The olive green and pink areas reflect a negative value after subtracting the number of registered Democrats from the votes for the Democratic candidate. It is curious that large segments seem to show a negative turnout in California, Washington state, and a lot of the counties in the Northeast, areas generally considered strongly Democratic.

What happens when we do the same analysis for the Republicans? That segment of land from Texas up to Nebraska has an olive green vein running through it but note that R assigned less extreme values to this color segment for this data so while olive green is not a "good" value it does not represent as strong of a negative value as it did on the Democratic map. That said, it does look like the Democrats strengthened in the Midwest counties even though they ultimately lost the Electoral College votes for those states in 2016.

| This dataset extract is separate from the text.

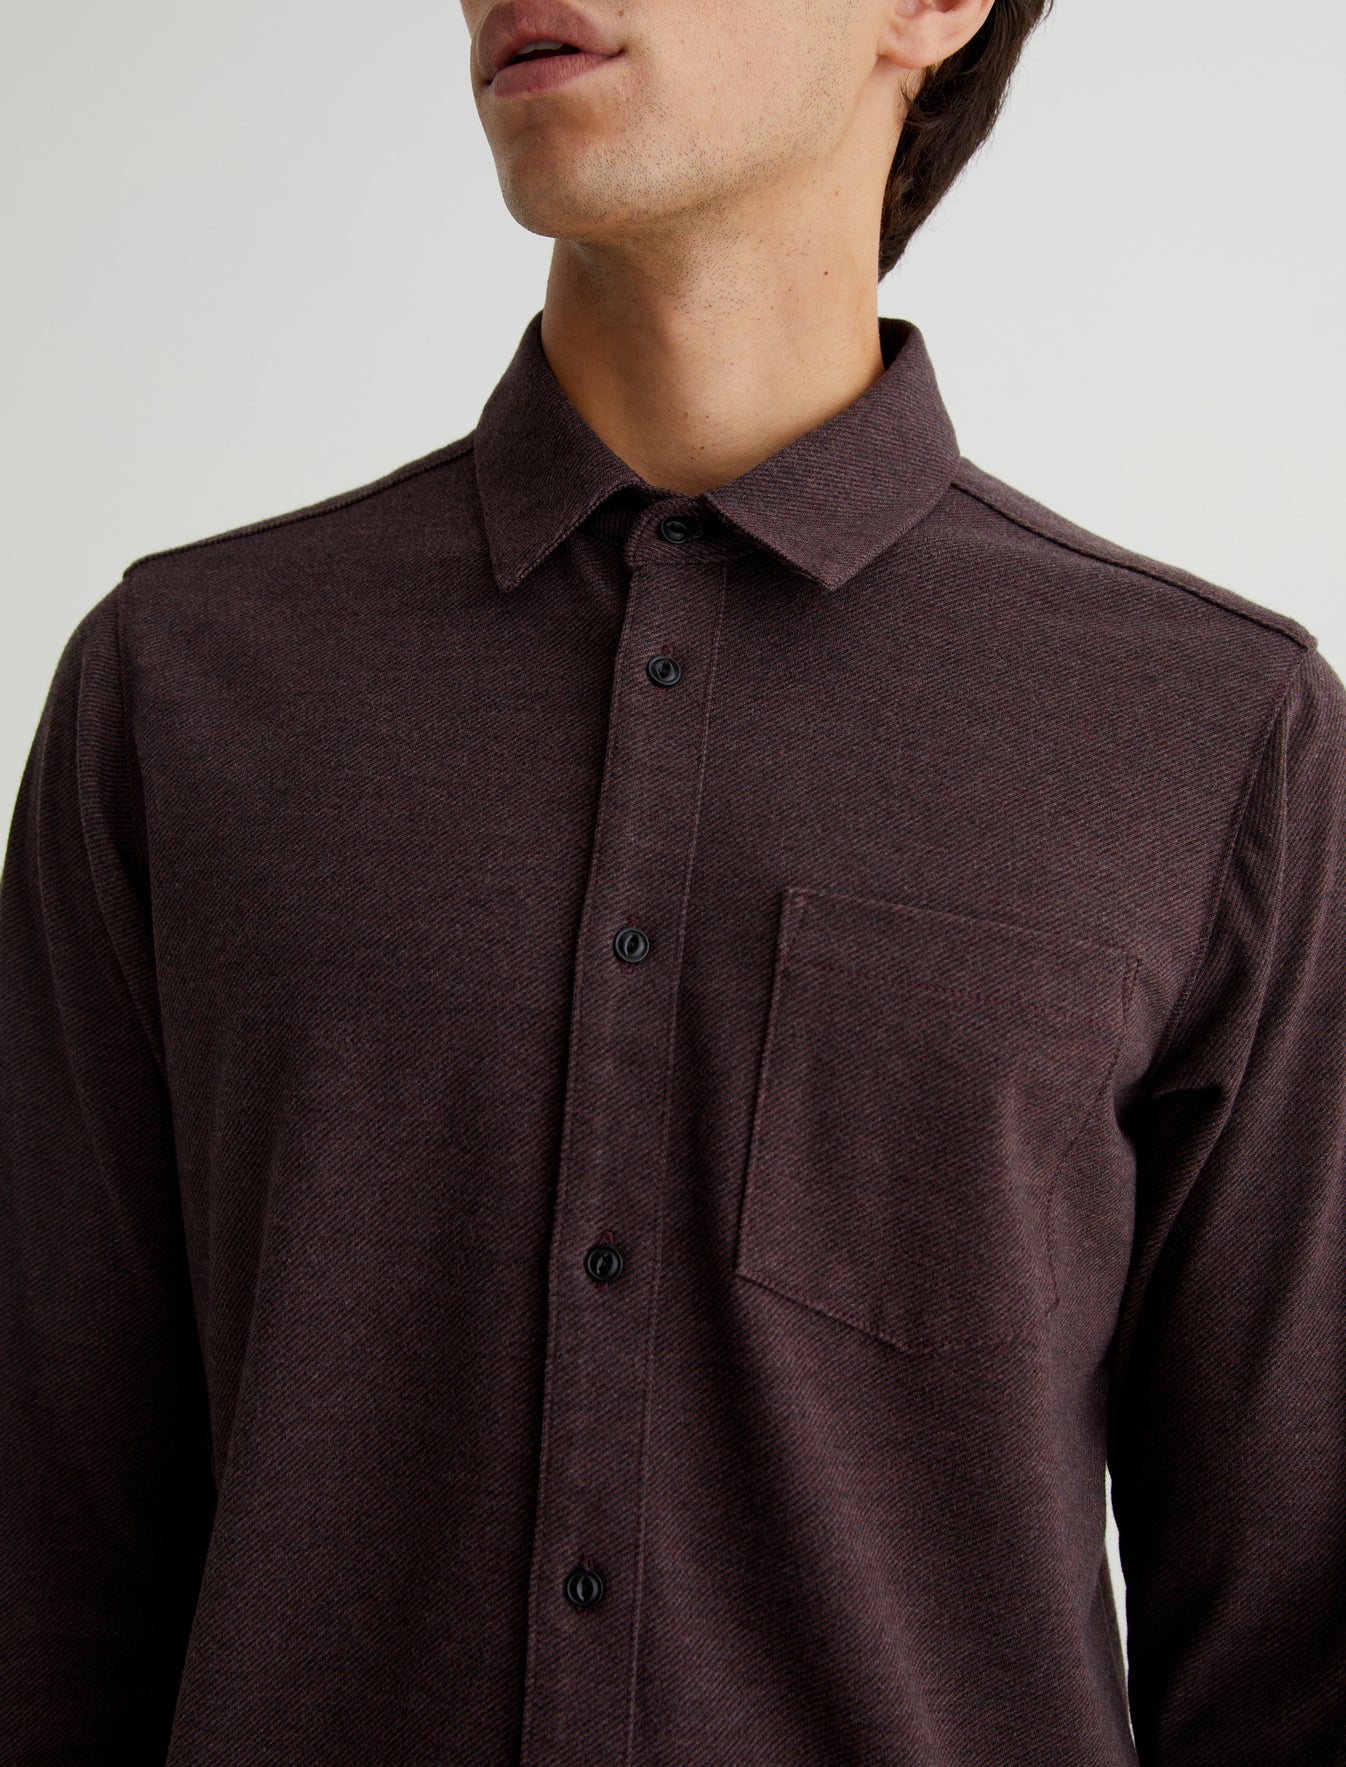 Mason Shirt Heather Charcoal/Dark Plum Classic Fit Long Sleeve Button Up Shirt Mens Top Photo 3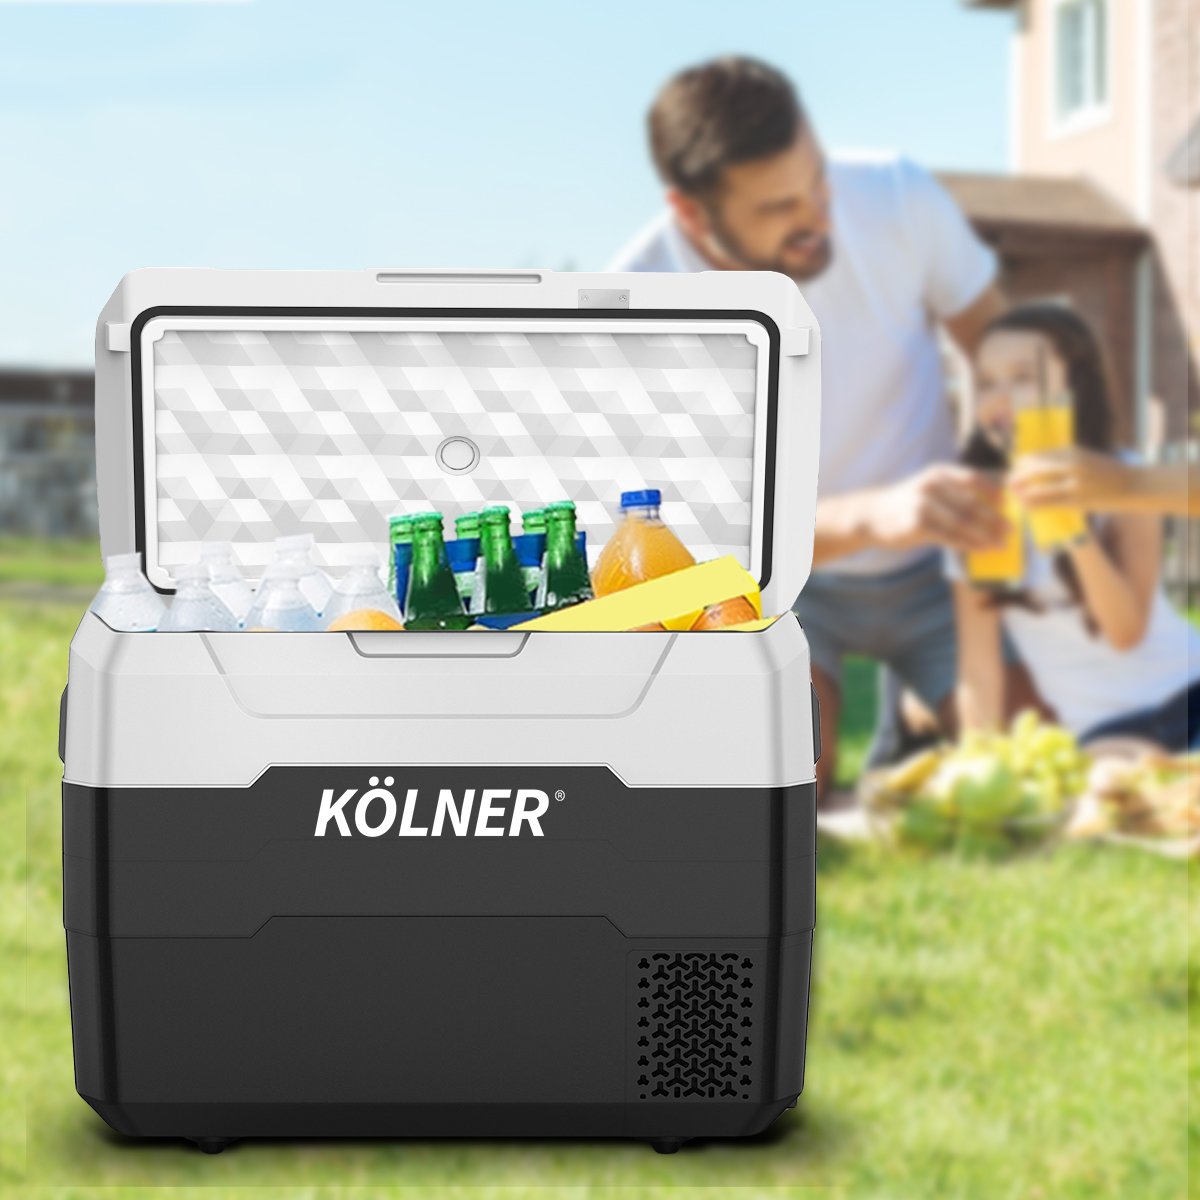 Kolner 40L Portable Fridge Cooler Freezer Refrigerator w/ Trolley

Party Differences by County

Another conventional wisdom of this election is that the country is more polarized and that those living in the more densely populated urban areas are living in a different America than those in the more rural areas. Does this mean that rural and urban counties are more heavily weighted to one party than the other? One probably less-than-ideal way to explore this could be to subtract the number of registered voters of one party from the registered voters of the other and see the difference as such:

In the above plot I subtracted the number of 2012 registered Democrats from the 2012 registered Republicans, meaning that from olive green to reddish-pink counties are more Democratic and everything from the green to blue to purplish-pink counties are more Republican.

A better measure would be to use a percentage of the registered voters:

This is based on the percentage of registered Republicans in 2012 so roughly green through the purplish-pink are greater than 50% Republicans while olive green and reddish-pink are greater than 50% registered Democrats.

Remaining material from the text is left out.